Let’s run the model in the case where we want to train a chromatin accessibility predictor using mC and hmC methylation levels.

First we need to pass a dictionary of hyperparameters for the XGBoost model, which we obtained through a grid search.

model_hyperparameters = {
    'n_estimators': 500, 
    'max_depth': 6, 
    'colsample_bytree': 0.85, 
    'eta': 0.02, 
    'subsample': 0.6,
    }

Features are all the columns in df_features_atacseq that start with “mean” or “count”. Note that in this work, all the genomic ranges have the same length of 1000bp, so we do not include the region length as a feature of our model.

features = [
    c for c in df_features_atacseq.columns if c.startswith("mean")
    or c.startswith("cpg_count")
    ]
features
['mean_mc_-1000',
 'mean_mc_-500',
 'mean_mc_0',
 'mean_mc_1000',
 'mean_mc_500',
 'mean_hmc_-1000',
 'mean_hmc_-500',
 'mean_hmc_0',
 'mean_hmc_1000',
 'mean_hmc_500',
 'mean_modc_-1000',
 'mean_modc_-500',
 'mean_modc_0',
 'mean_modc_1000',
 'mean_modc_500',
 'cpg_count_-1000',
 'cpg_count_-500',
 'cpg_count_0',
 'cpg_count_1000',
 'cpg_count_500']
model, df_metrics, y_test, y_pred = run_regressor(
    data=df_features_atacseq,
    features=features,
    mod = ["mc", "hmc"],
    target="Response",
    hyperparameters=model_hyperparameters,
    random_state=0,
    test_contig=["8", "9", "10"],
    missing_values_strategy="impute_mean",
    find_optimal_parameters=False,
)    

The model performs well, with an r^2 of 0.82 and a Spearman R correlation of 0.92.

df_metrics
mse rmse mae r2 spearman
0 0.402727 0.634608 0.472783 0.873356 0.884466

Let’s plot the predictions of the models versus the actual data on the held chromosome 8.

plot_results(
    y_test, 
    y_pred, 
    f"ATAC-seq - R^2={df_metrics.r2.values[0]:.2f}, Spearman R={df_metrics.spearman.values[0]:.2f}"
)
_images/b476664e2047a941f56b3eda4067a6820688eeb55f798973059ba5102e35df18.png

In the above model training, we set a pseudo-random state for reproducibility, but we need to ensure our accuracy estimates are robust to alternative starting random states. Below we train the data again with different pseudo-random states, to get an average value for r^2 and Spearman R.

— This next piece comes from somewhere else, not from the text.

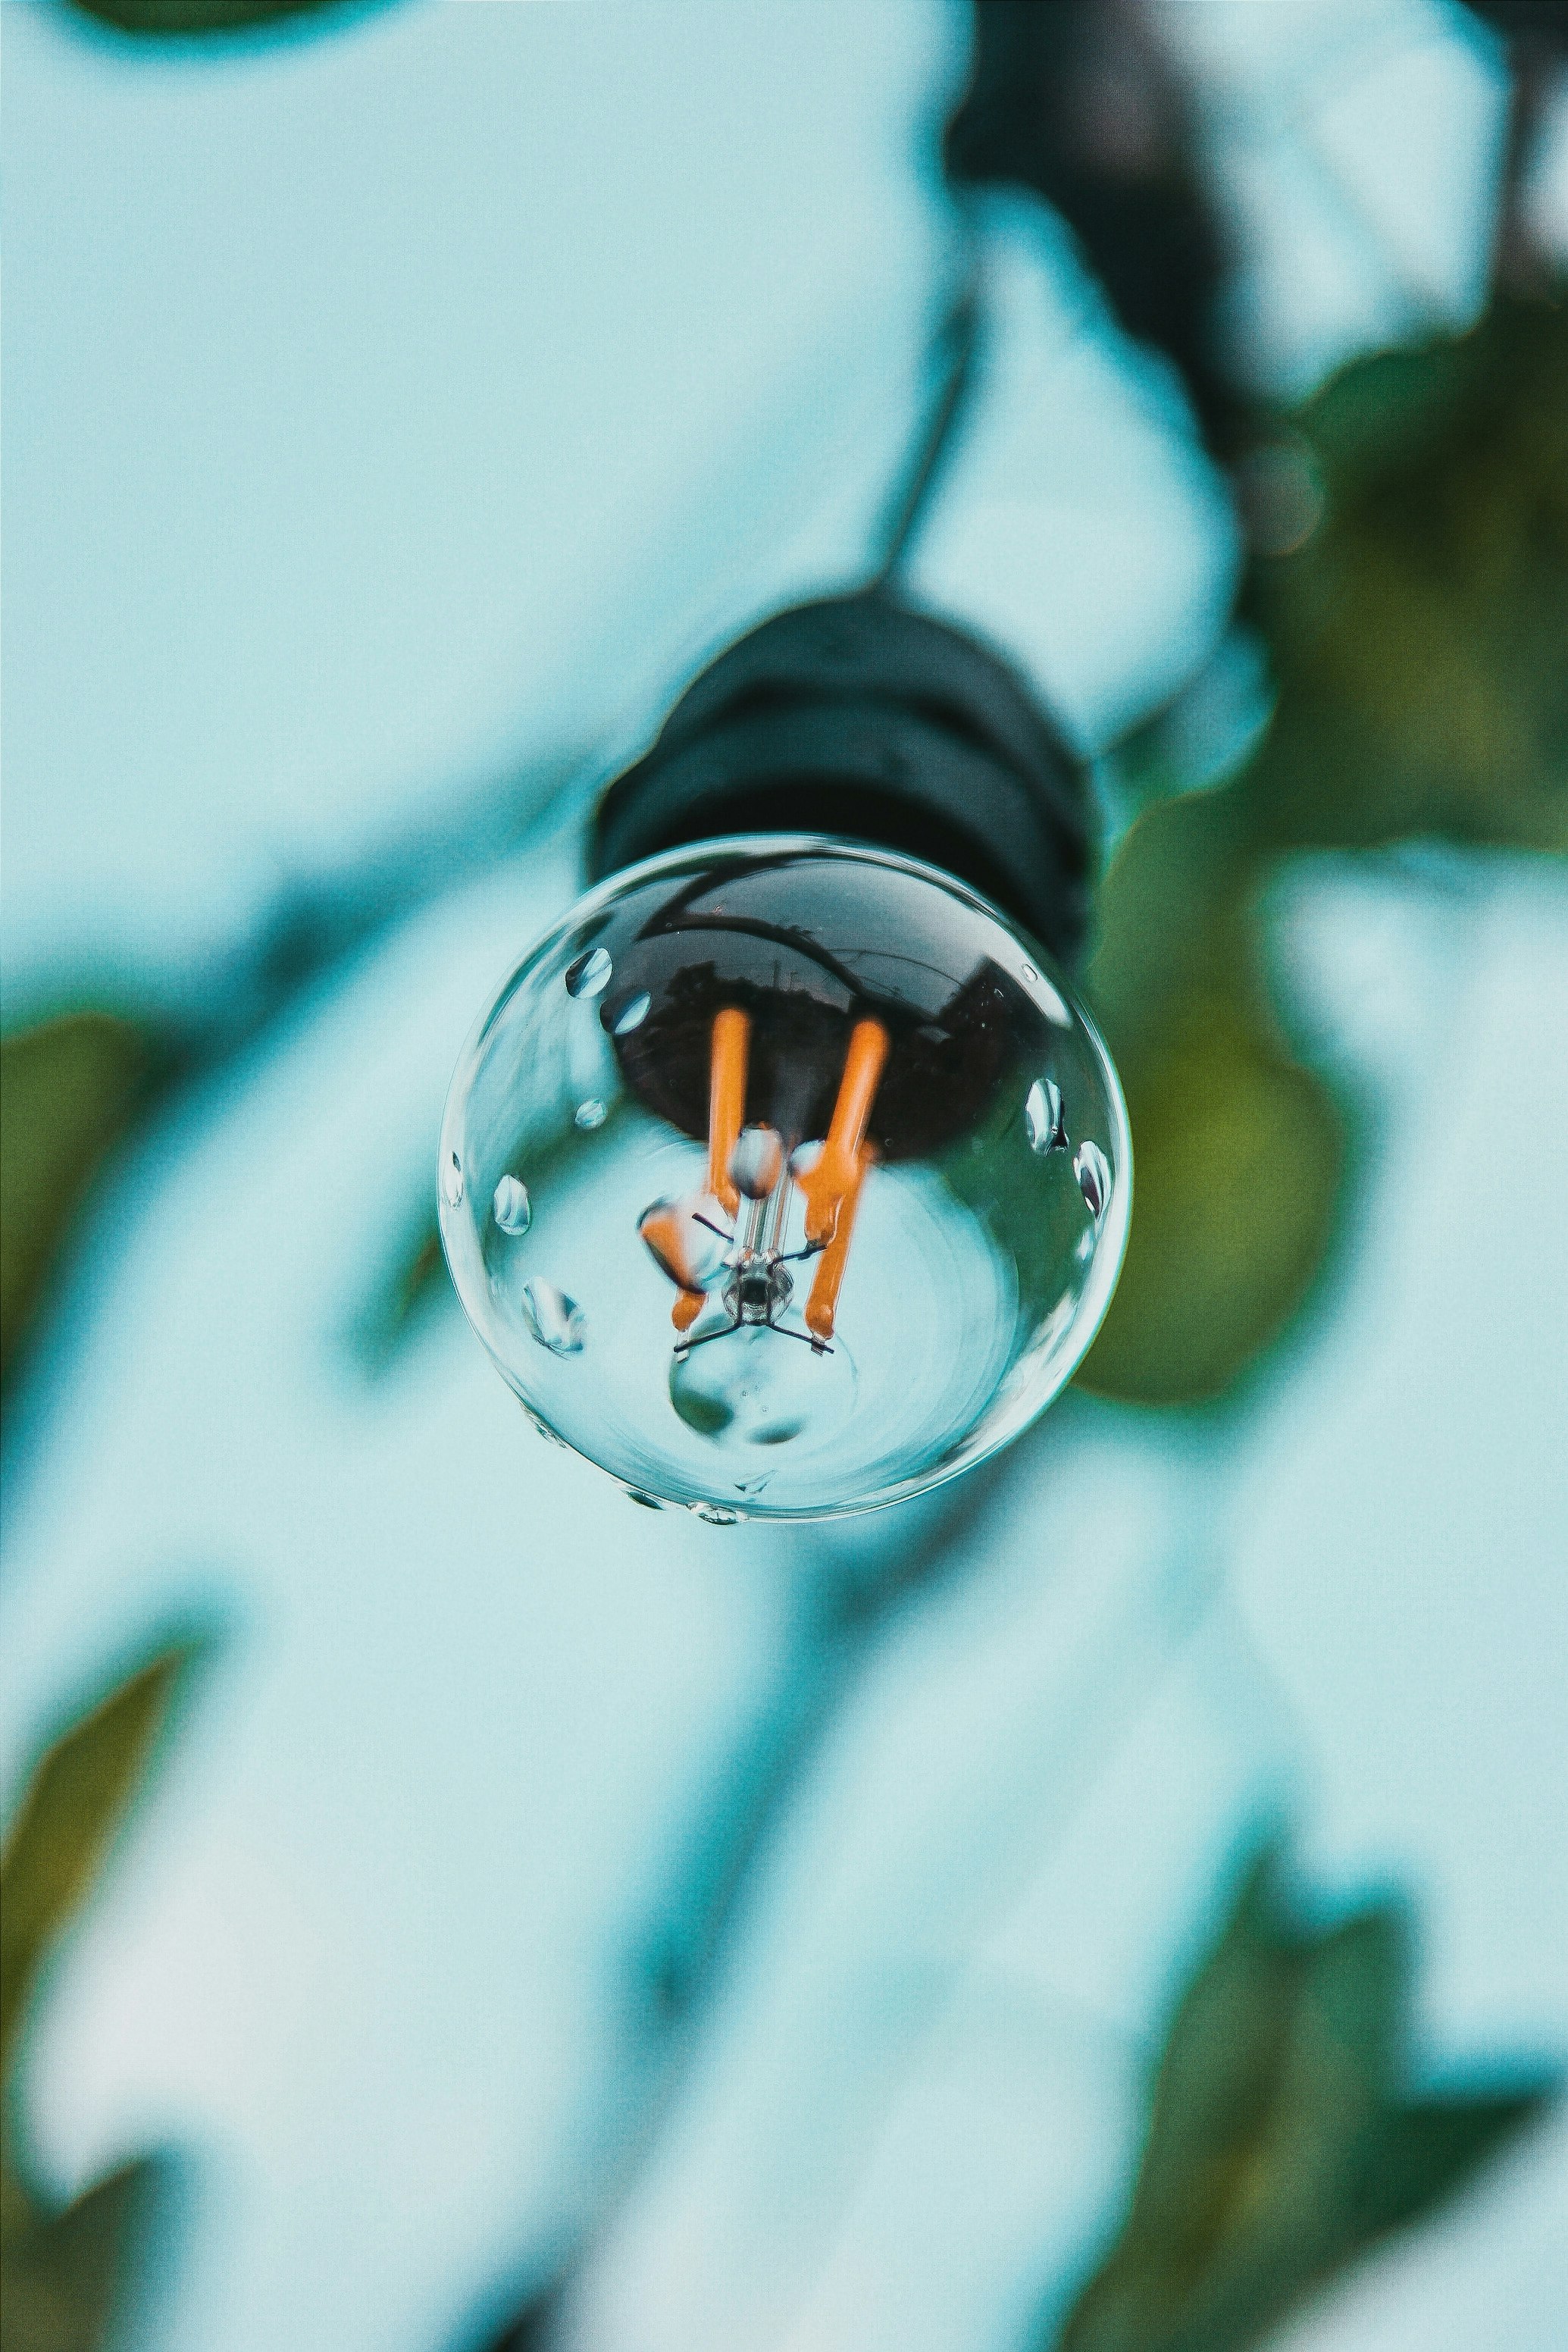 macro photography of turned-off light bulb

df_regressor = pd.DataFrame(columns=["mse", "rmse", "mae", "r2", "spearman"])
for k in range(0,20):
    model, df_metrics, _, _ = run_regressor(
        data=df_features_atacseq,
        features=features,
        mod = ["mc", "hmc"],
        target="Response",
        hyperparameters=model_hyperparameters,
        random_state=k,
        test_contig=["8", "9", "10"],
        missing_values_strategy="impute_mean",
        find_optimal_parameters=False,
    )
    df_regressor = pd.concat([df_regressor, df_metrics], ignore_index=True)
df_regressor = df_regressor.reset_index(drop=True)

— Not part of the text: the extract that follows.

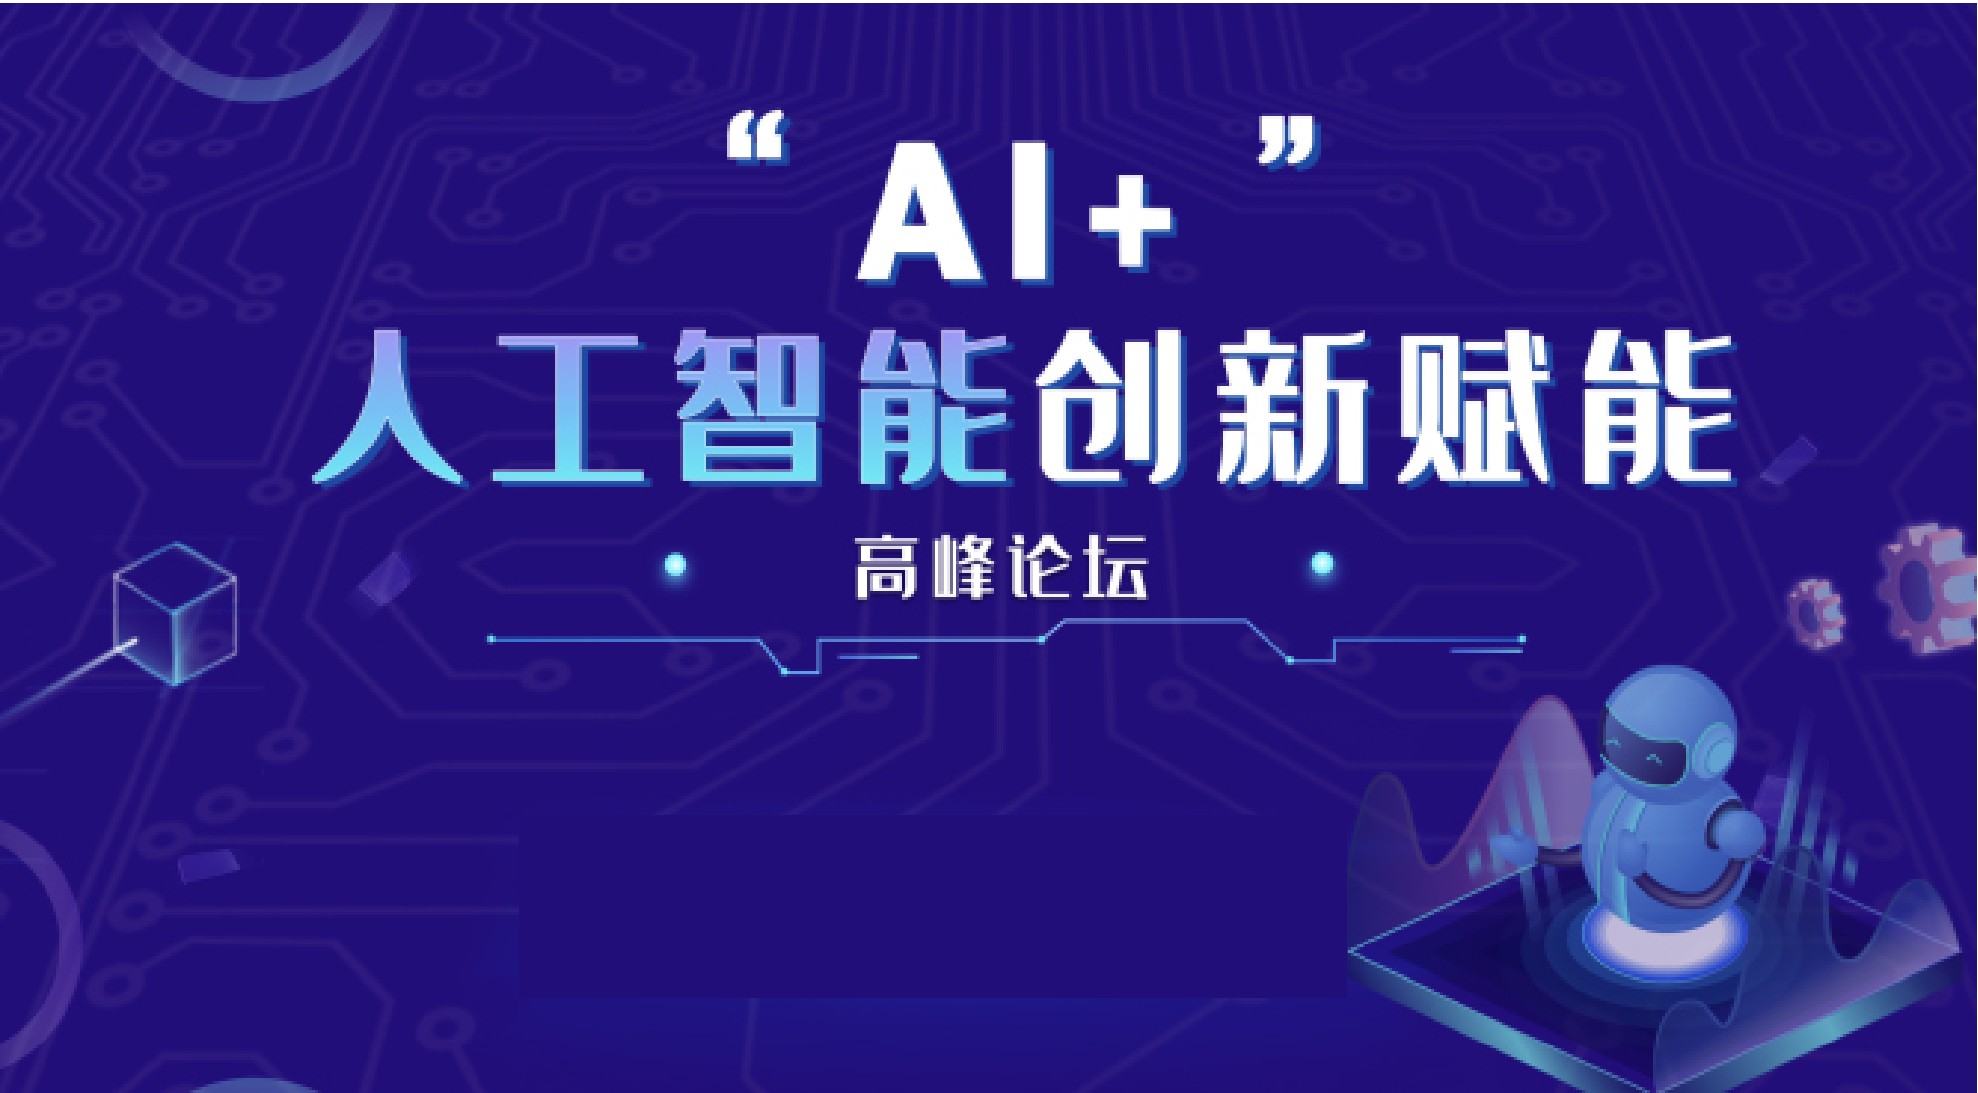 AIoT 2022深圳“AI+”人工智能创新赋能高峰论坛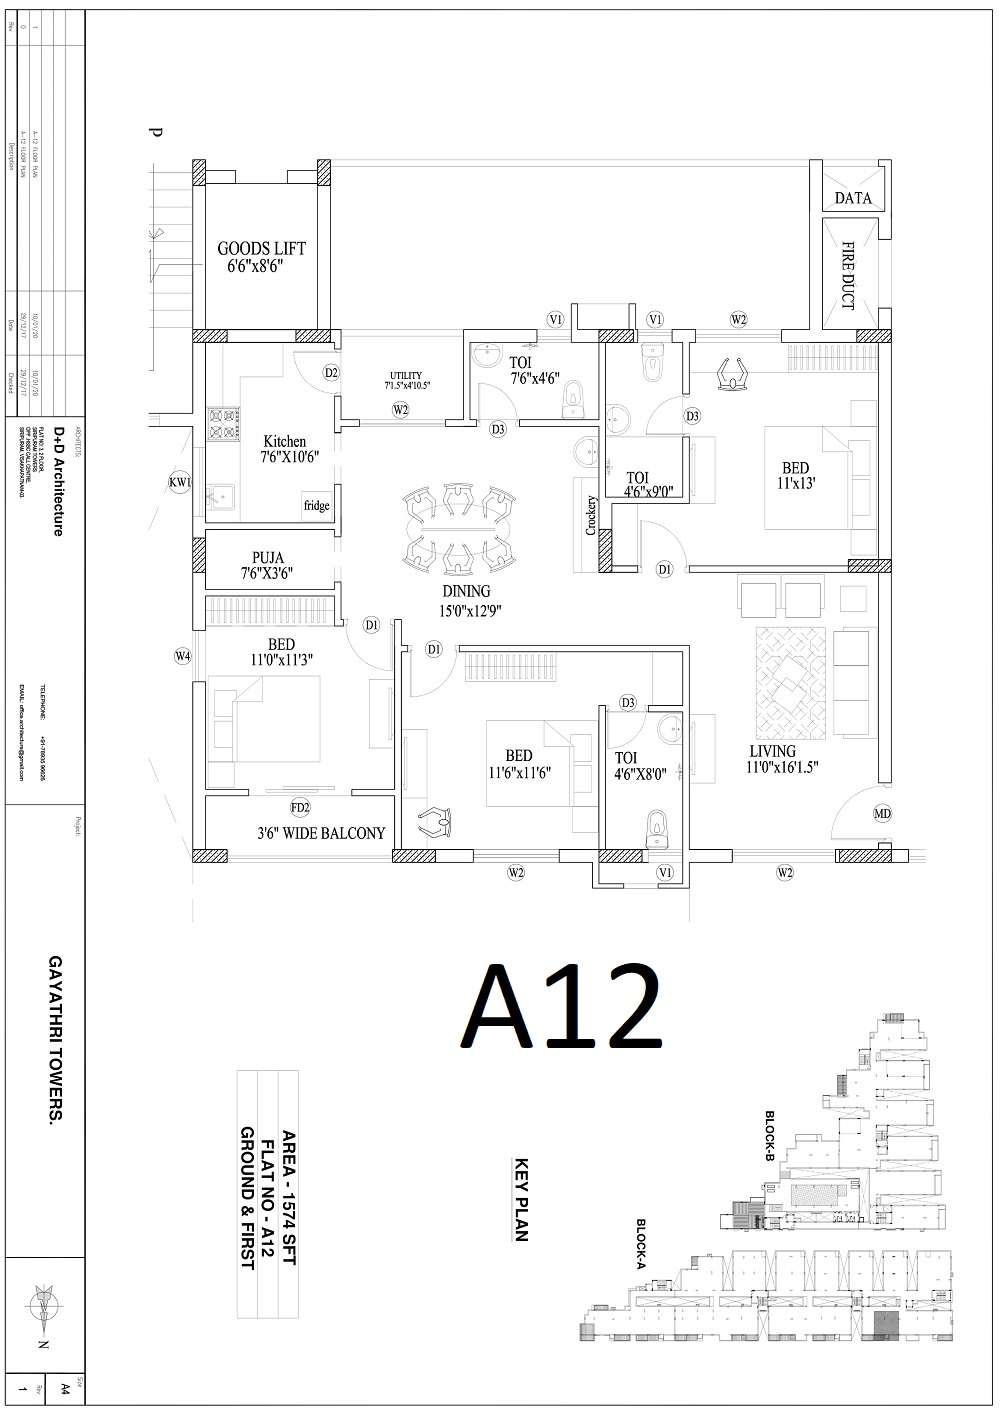 A12 - Floor Plan

The average r^2 is at 0.87 and the average Spearman R is at 0.88.

df_regressor[["r2", "spearman"]].describe()
r2 spearman
count 20.000000 20.000000
mean 0.873244 0.884307
std 0.000371 0.000229
min 0.872554 0.883852
25% 0.872932 0.884151
50% 0.873266 0.884329
75% 0.873542 0.884475
max 0.873864 0.884721

Classifier#

Depending on the biological question you are trying to answer, having a binary classifier may be more than sufficient and you may not need to train a regressor. We can also train such a classifier using XGBoost. The classifier can be binary (i.e. two categories: high accessibility and low accessibility), or have more categories (e.g., we could classify genes as having low accessibility, moderate accessibility, or high accessibility). Having more classes will likely result in a drop in the accuracy of the classifier (since it will have more opportunities to misclassify).

def train_classifier_model(X_train, y_train, hyperparameters, random_state=1):
    """
    Train an XGBoost classifier using the specified hyperparameters
    """
    classifier = xgb.XGBClassifier(
        random_state=random_state,
        **hyperparameters,
    )
    classifier.fit(X_train, y_train)
    return classifier
def evaluate_classifier(model, X_test, y_test):
    """
    Evaluate the performance of the classifier using the test set
    """
    y_pred = model.predict(X_test)
    y_pred_proba = model.predict_proba(X_test)
    accuracy = accuracy_score(y_test, y_pred)

    # f1 score
    f1 = f1_score(y_test, y_pred, average="macro")

    # calculate AUC
    if len(np.unique(y_test)) == 2:
        auc = roc_auc_score(y_test, y_pred_proba[:, 1])
    else:
        auc = roc_auc_score(y_test, y_pred_proba, multi_class="ovr", average="macro")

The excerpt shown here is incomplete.